Filed under: discworld, interweb, kingdom of the world, saving the world
“War, Nobby. Huh! What is it good for?” he said.
“Dunno, Sarge. Freeing slaves, maybe?”
“Absol–well, okay.”
“Defending yourself against a totalitarian aggressor?”
“All right, I’ll grant you that, but–”
“Saving civilization from a horde of–”
“It doesn’t do any good in the long run is what I’m saying, Nobby, if you’d listen for five seconds together,” said Fred Colon sharply.
“Yeah, but in the long run, what does Sarge?”
I’ve spent the better part of the last year trying to figure out exactly what Twitter is good for. I think I might be getting an inkling.

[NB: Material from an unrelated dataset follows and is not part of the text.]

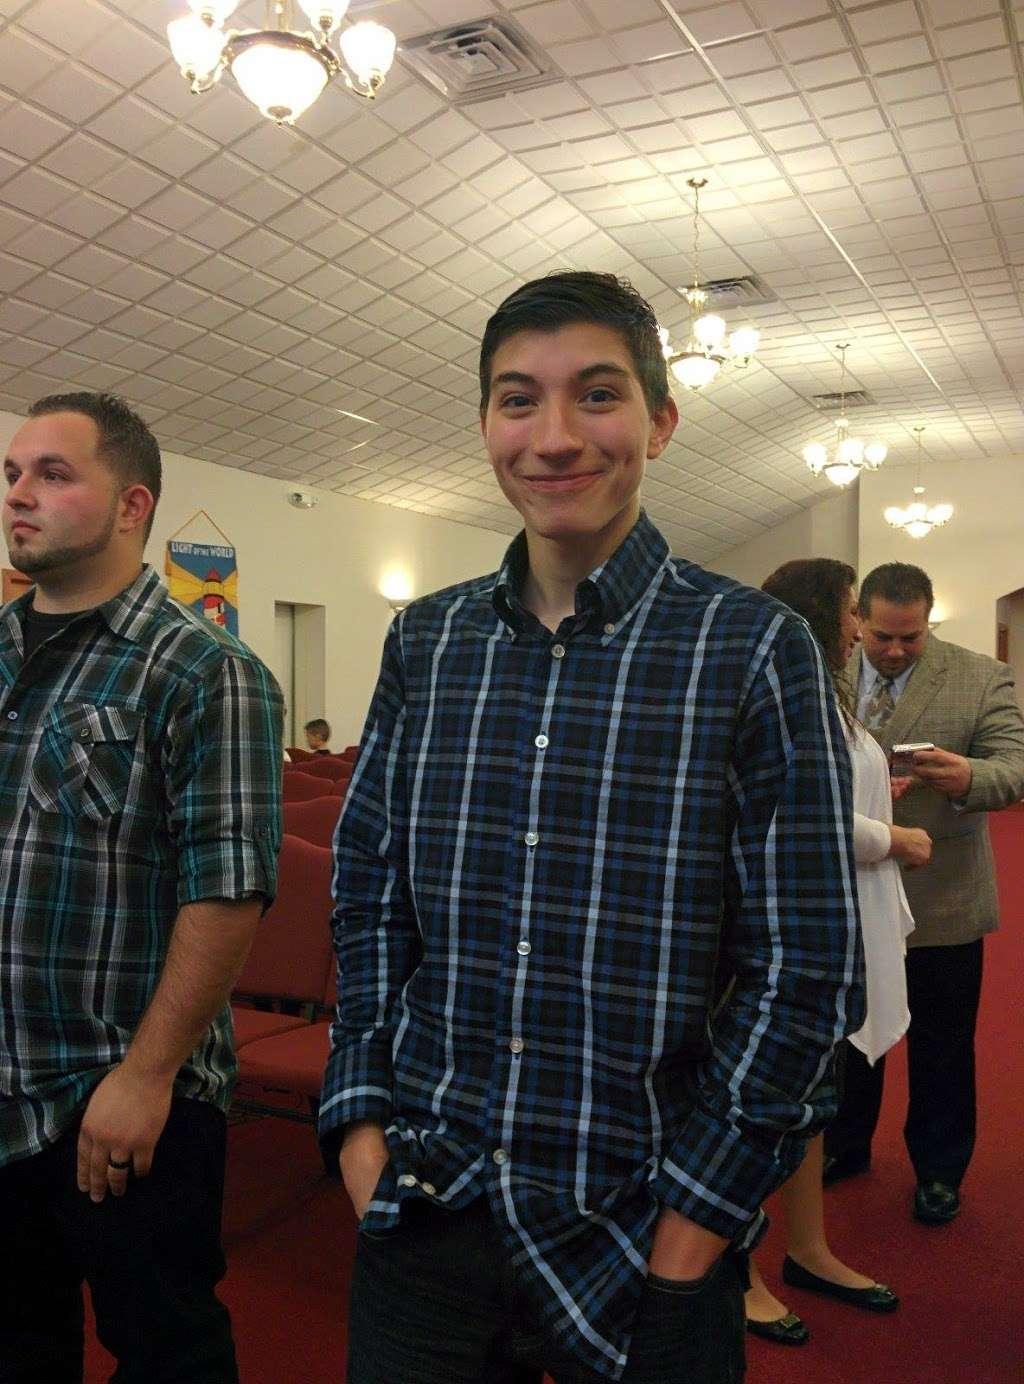 Apostolic Missionary Church - church  | Photo 10 of 10 | Address: 2686 S 12th St, Milwaukee, WI 53215, USA | Phone: (414) 645-7383

Saving civilization from a horde of black-robed Mullahs?
We’ll see.
Twitter seems to be what newsgathering will look like in a post-Journalism world. CNN was 24 hours behind twitter in picking up on the brewing crisis after the election. And Twitter re-scheduled maintenance on their server farm to not interfere with Iranians using it. As wired put it recently, when commenting on the MySpace loosing ground to Facebook:
When your server farm’s service schedule has an impact on Middle East Peace you are onto something big — much bigger than which garden-variety walled garden has more members.
Unfortunately, at the same time, I’m disappointed to realize that Administration of Hope and Change is morally retarded. A President who’s afraid of speaking out plainly and strongly against the type of tactics used by a regime that is willing to send the Basij to shoot their own people seems like a disappointing successor to the people who marched in the 1960s. President Obama is right to worry that he’s on the wrong side of history when France and Canada can make stronger statements against the current regime.
This isn’t about invading and occupying a country. It’s about not giving a repressive regime a moral pass for crushing dissent.